To Mareike Adams, natural disasters can teach us about the layout of our planet and how human activity is influencing it. Her course, Natural Disasters (ERTH 2415) began in July and the same lectures will be used in the Fall and Winter terms.

Q: What do you want students to get out of the class?

A: A bigger picture of what the Earth really consists of. . . I want students to understand why the Earth is shaped like it is, why we do we have mountain ranges, why do we have deep ocean basins . . . and what kind of forces internal and external create these kinds of landforms. And then from that, I want to talk about the different kinds of natural disasters. Things like earthquakes, volcanoes, why we get them in certain places and not other places, different types of them and how that affects the human infrastructure in our own society. So how we connect what’s natural with the Earth with how our behaviour is changing the different disasters.

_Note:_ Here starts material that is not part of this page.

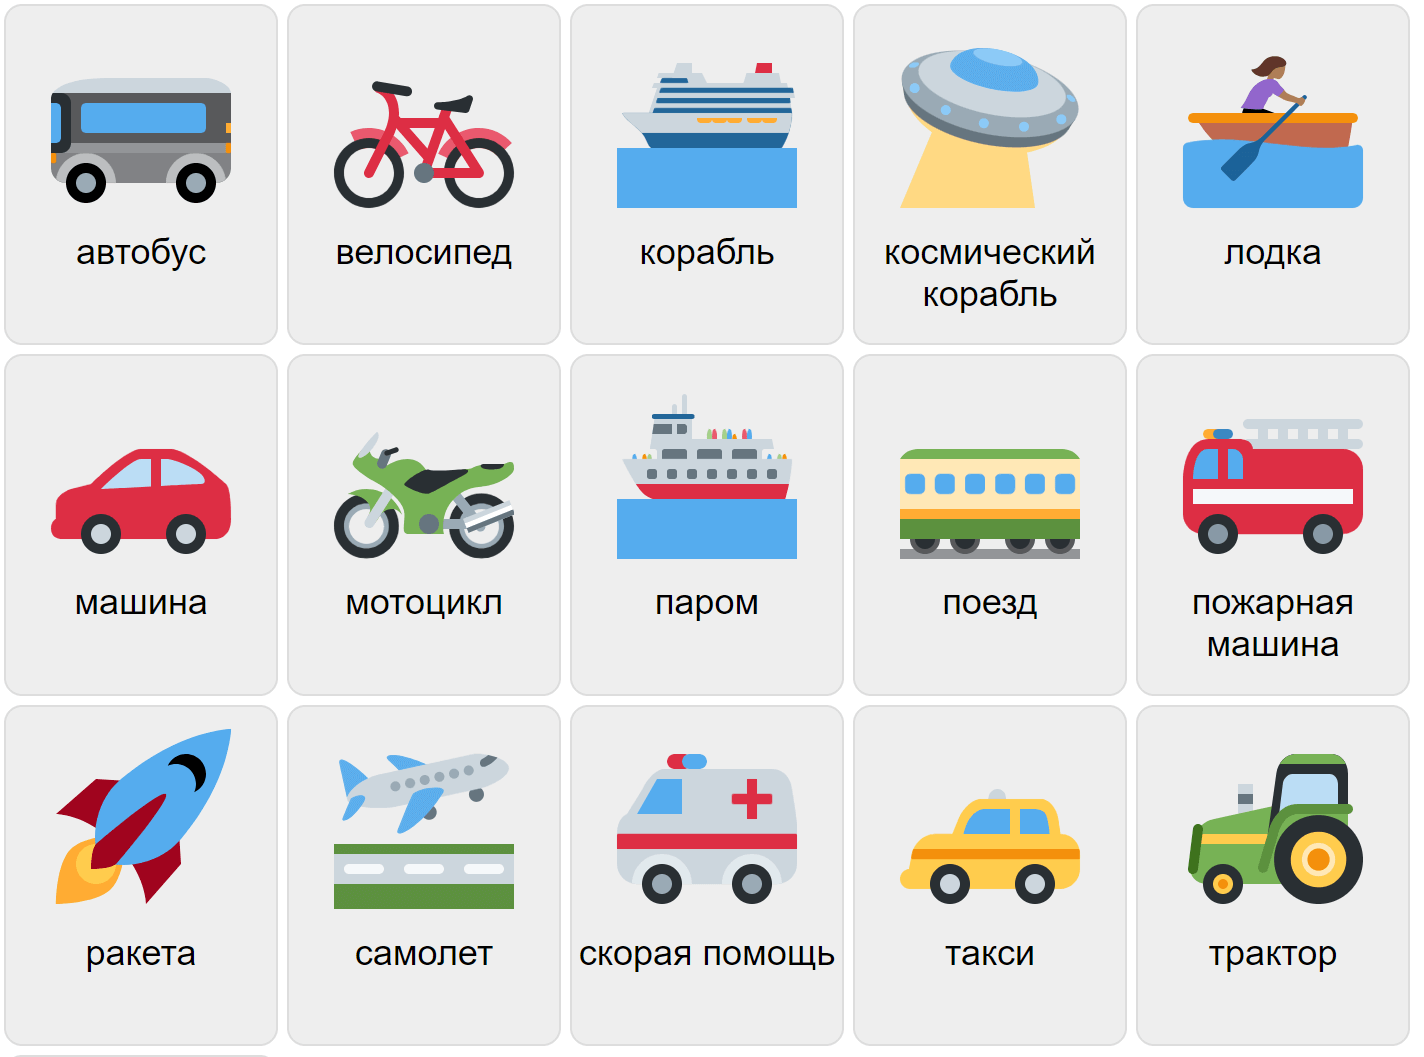 Transport in Russian

Q: Can you give an example of how human behaviour is affecting natural disasters?

A: Hurricanes take their weather from warm seawater, from the warmth of the ocean—so we generally have hurricanes in much more southern latitudes than what we get up here. But because seawater and ocean temperatures are rising, we’re getting more sustained hurricanes, we’re getting stronger hurricanes, and actually a [greater] number of hurricanes are affecting us, and they’re moving further north as well.

Q: How has the societal impact of natural disasters changed over the course of human history?

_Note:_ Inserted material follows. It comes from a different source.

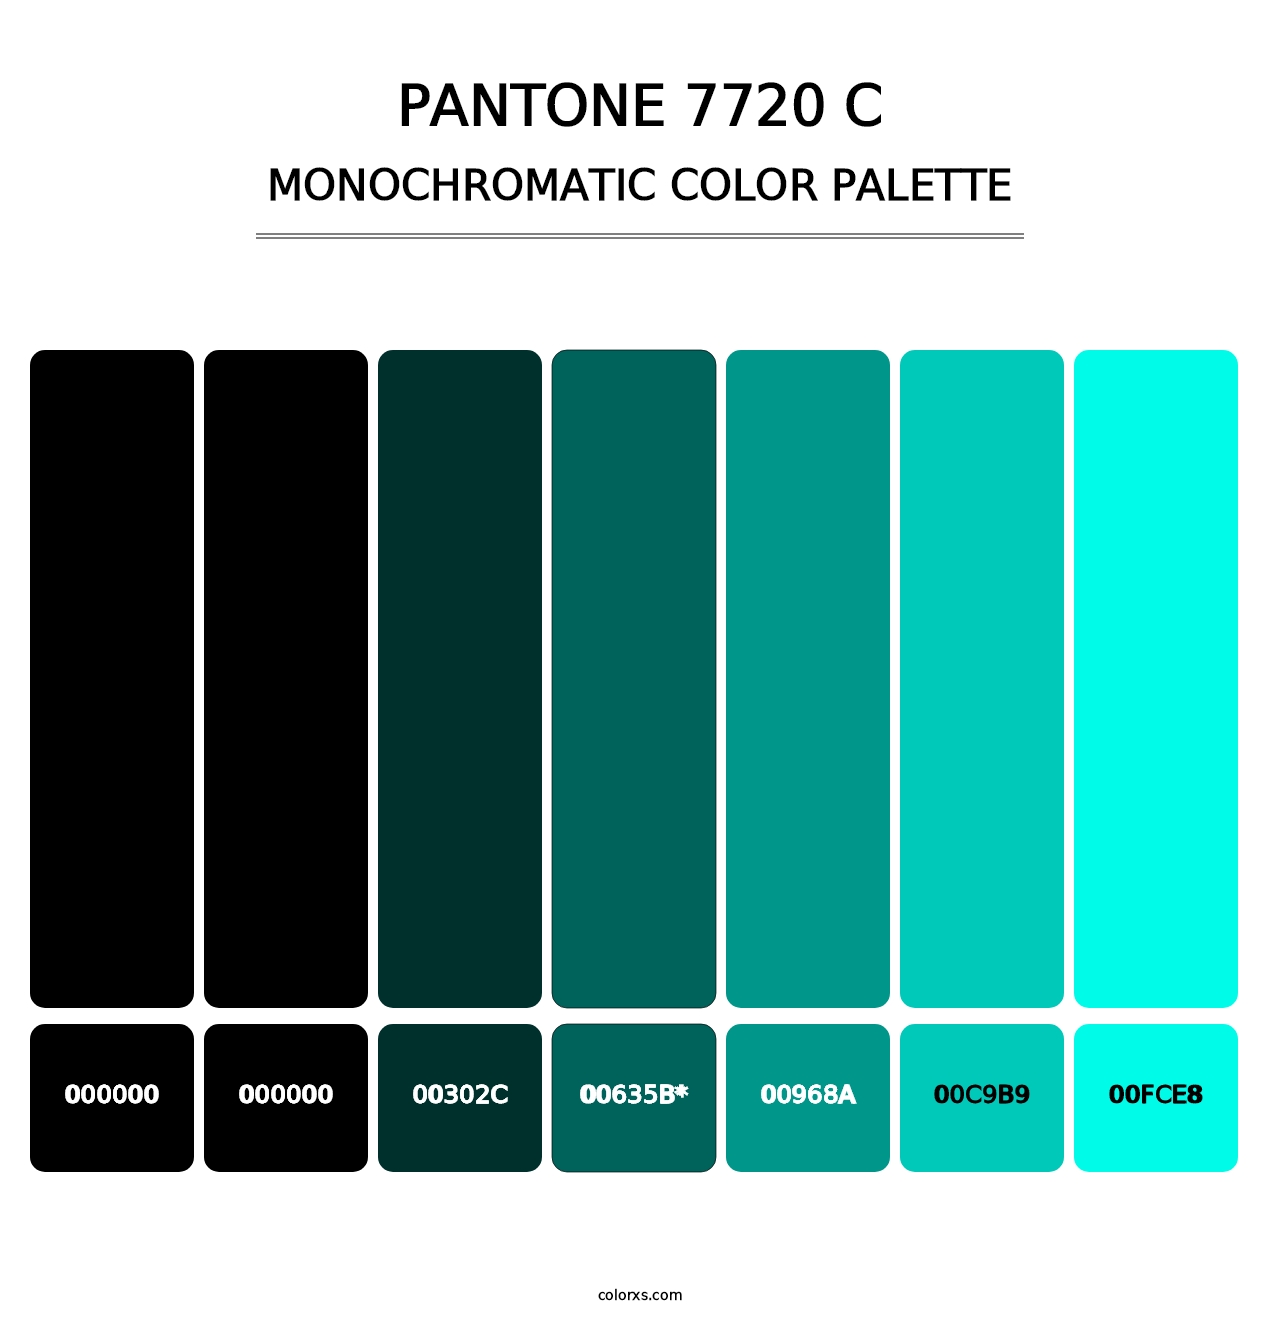 PANTONE 7720 C - Monochromatic Color Palette

A: A big one is how we’re getting better at preparing for different events—for example, a lot of cities that are close to areas where you get a lot of earthquake activity are going back and retrofitting large buildings and even smaller buildings so that they can withstand more ground shaking.

We’re also trying to put in ways to mitigate [disasters] before they even happen—for example, early warning systems like Japan have gotten far enough ahead where they can stop bullet trains [before an earthquake hits].

Q: You say we’re getting better in certain areas, which areas are we not getting better in?

A: There’s a lot of place in the world that don’t have these kinds of systems in place and they’re still suffering greatly. [The Haitian Earthquake] was only a magnitude seven but it killed over 300 thousand people due to the poor building codes, whereas we got a magnitude seven in California and it only killed 20 people, for example.

Q: What would you say to someone who doesn’t believe that climate change will affect them because they live in a first world country?

A: That’s very misinformed. Huge problems like pollution are going to affect everybody.  The idea that Canada is going to be a tropical paradise is quite foolish. A lot of Canada is going to be uninhabitable due to water shortage and temperature. And we’re going to have big immigration issues, as we’re seeing in places like Europe. But it’s also for the global health of our planet that we all live in—the loss of natural places, natural resources like water, and other species as well.

Our earth is such a dynamic planet. It’s always in flux, it’s always changing. But also it’s a really interesting and amazing place. And it would be sad if we didn’t start taking care of it better.